=== The task ===
Go through the data below and copy it exactly, skipping every picture.

=== Data provided ===
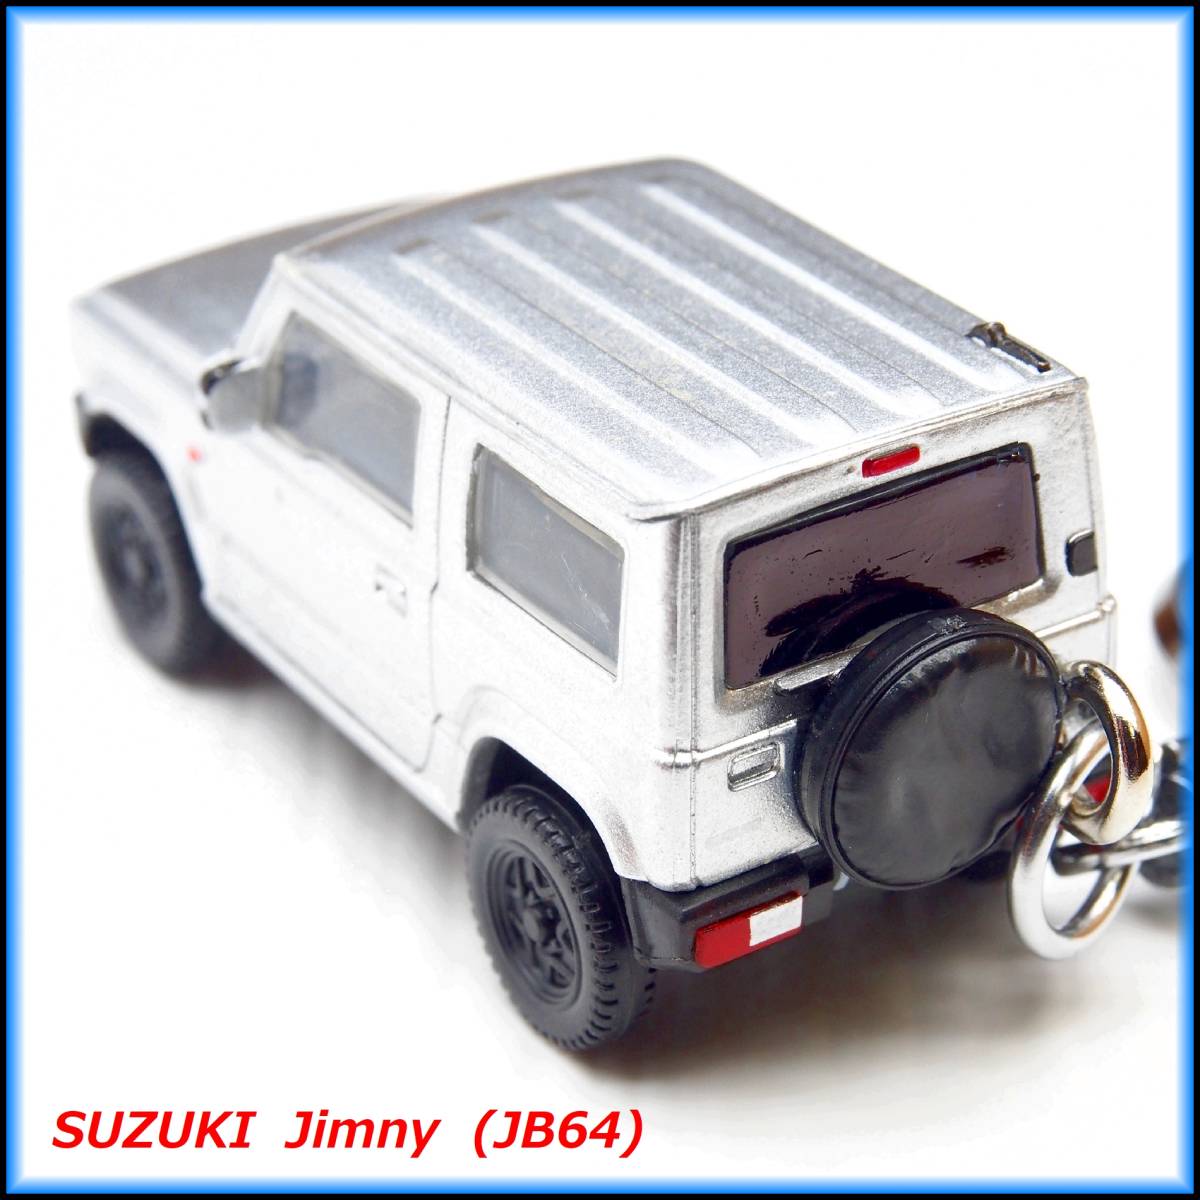  Suzuki Jimny JB64 миникар ремешок брелок для ключа колесо muffler шина обвес спойлер бампер сиденье амортизатор багажник 
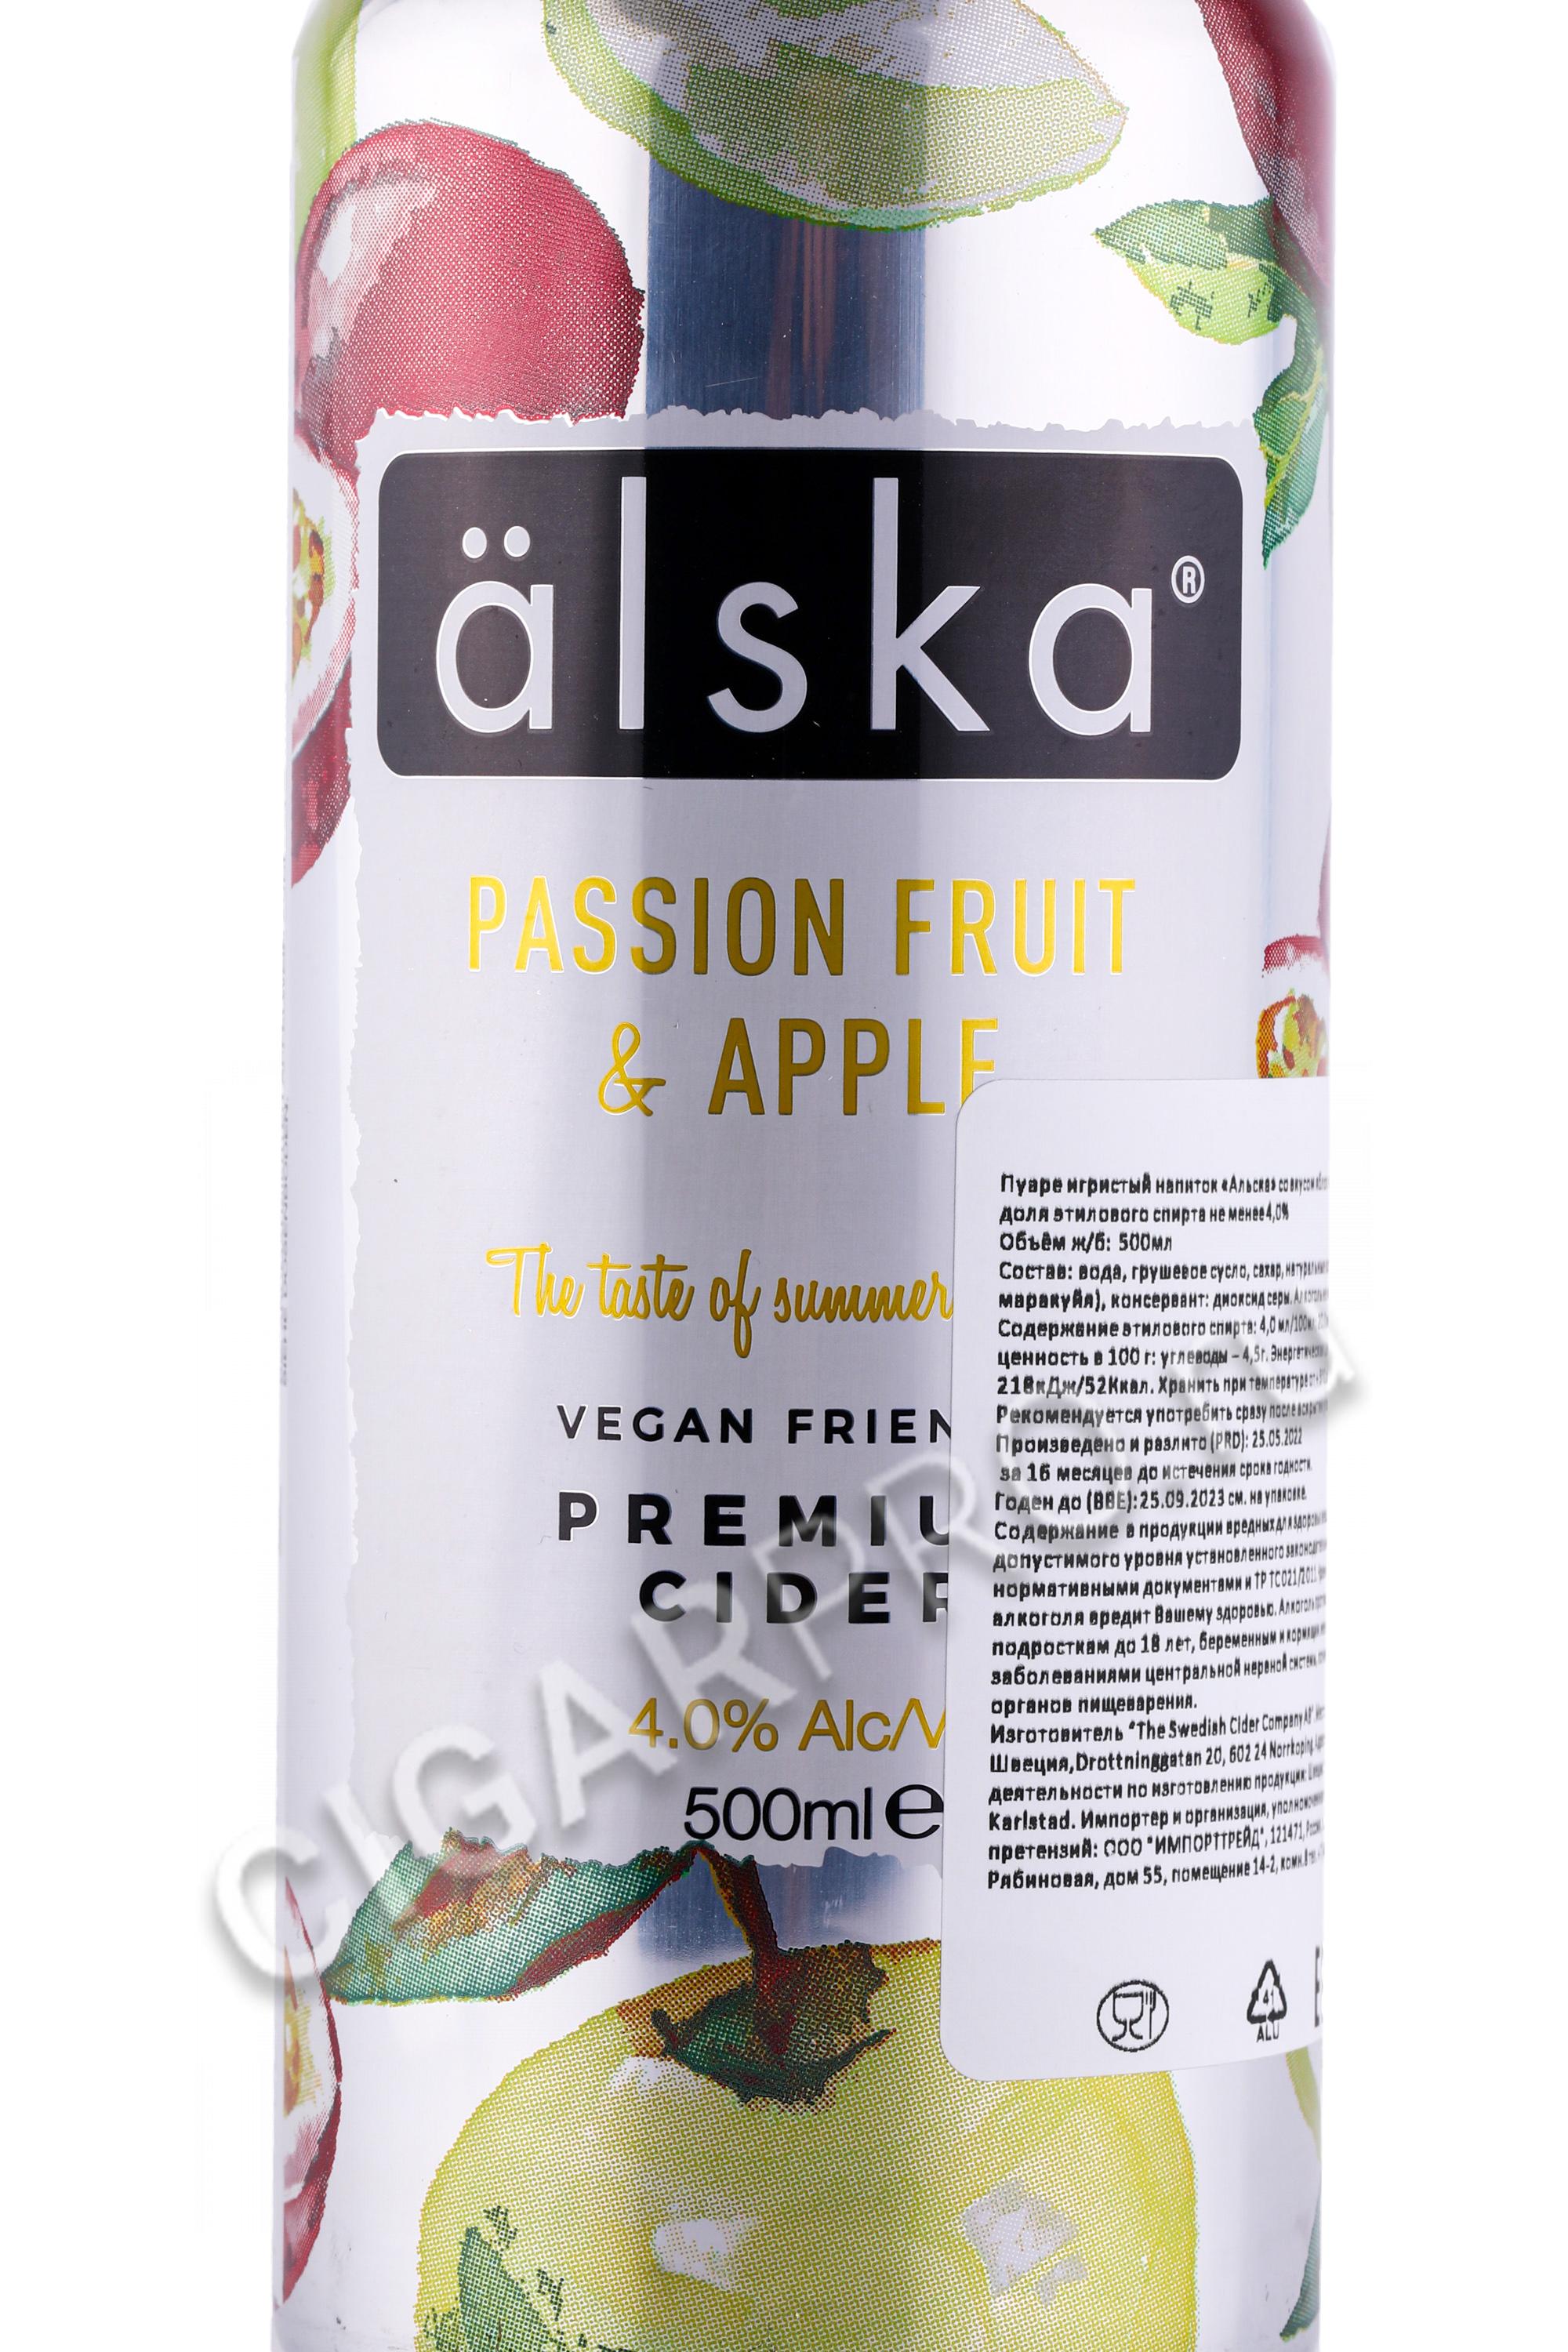 Alska passion fruit apple cider. Альска сидр. Шведский сидр альска. Сидр passion Fruit. Шведский сидр Alaska.
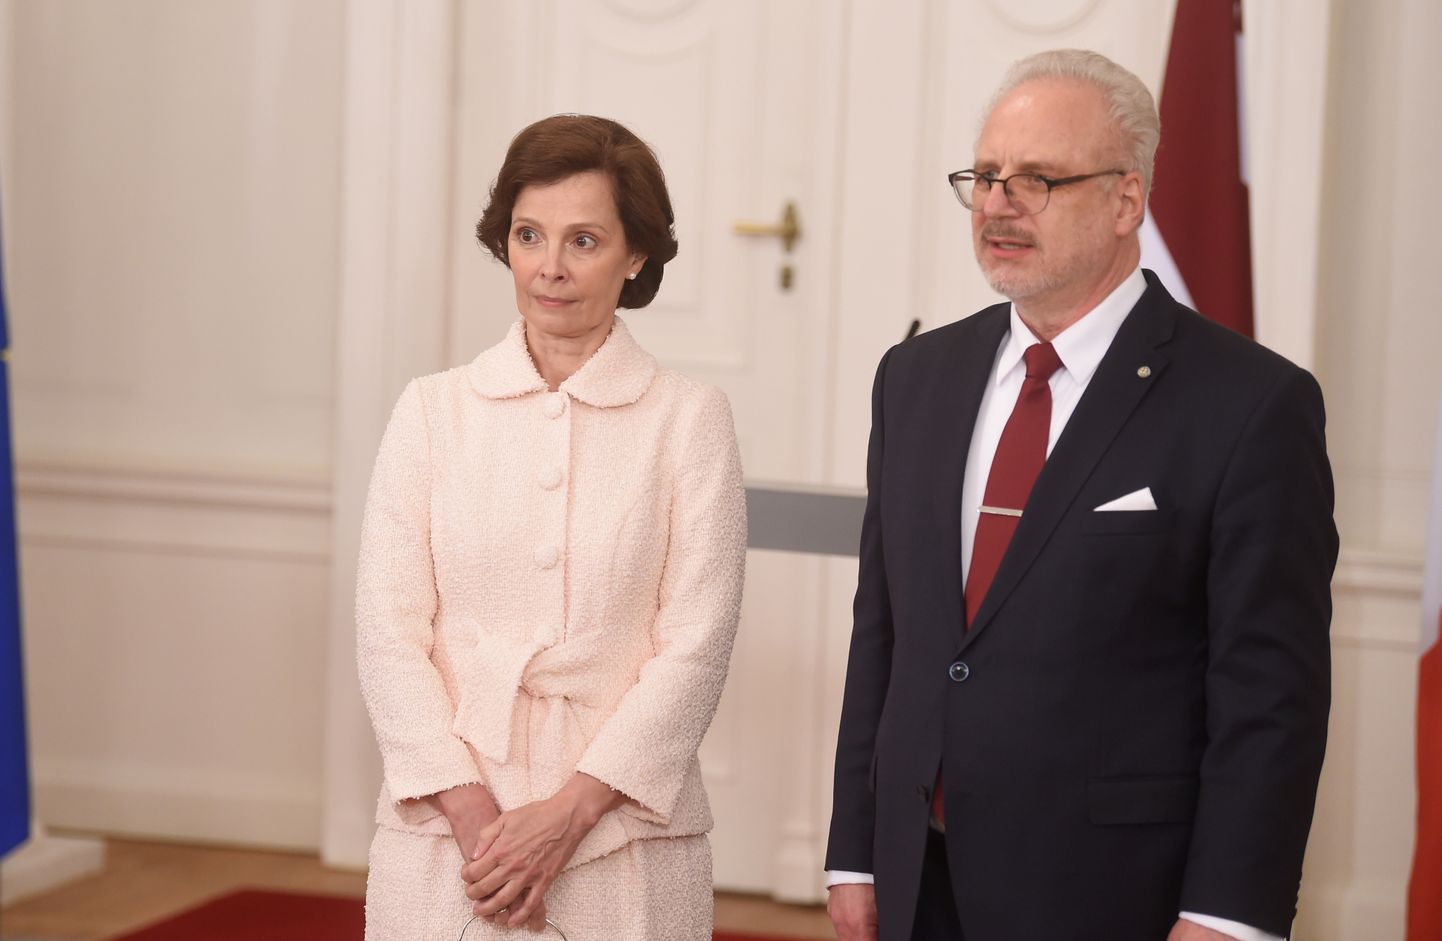 Latvijas prezidents Egils Levits un prezidenta kundze Andra Levite

=== Answer to the problem ===
  Suzuki Jimny JB64 миникар ремешок брелок для ключа колесо muffler шина обвес спойлер бампер сиденье амортизатор багажник 
 Alska passion fruit apple cider. Альска сидр. Шведский сидр альска. Сидр passion Fruit. Шведский сидр Alaska.
 Latvijas prezidents Egils Levits un prezidenta kundze Andra Levite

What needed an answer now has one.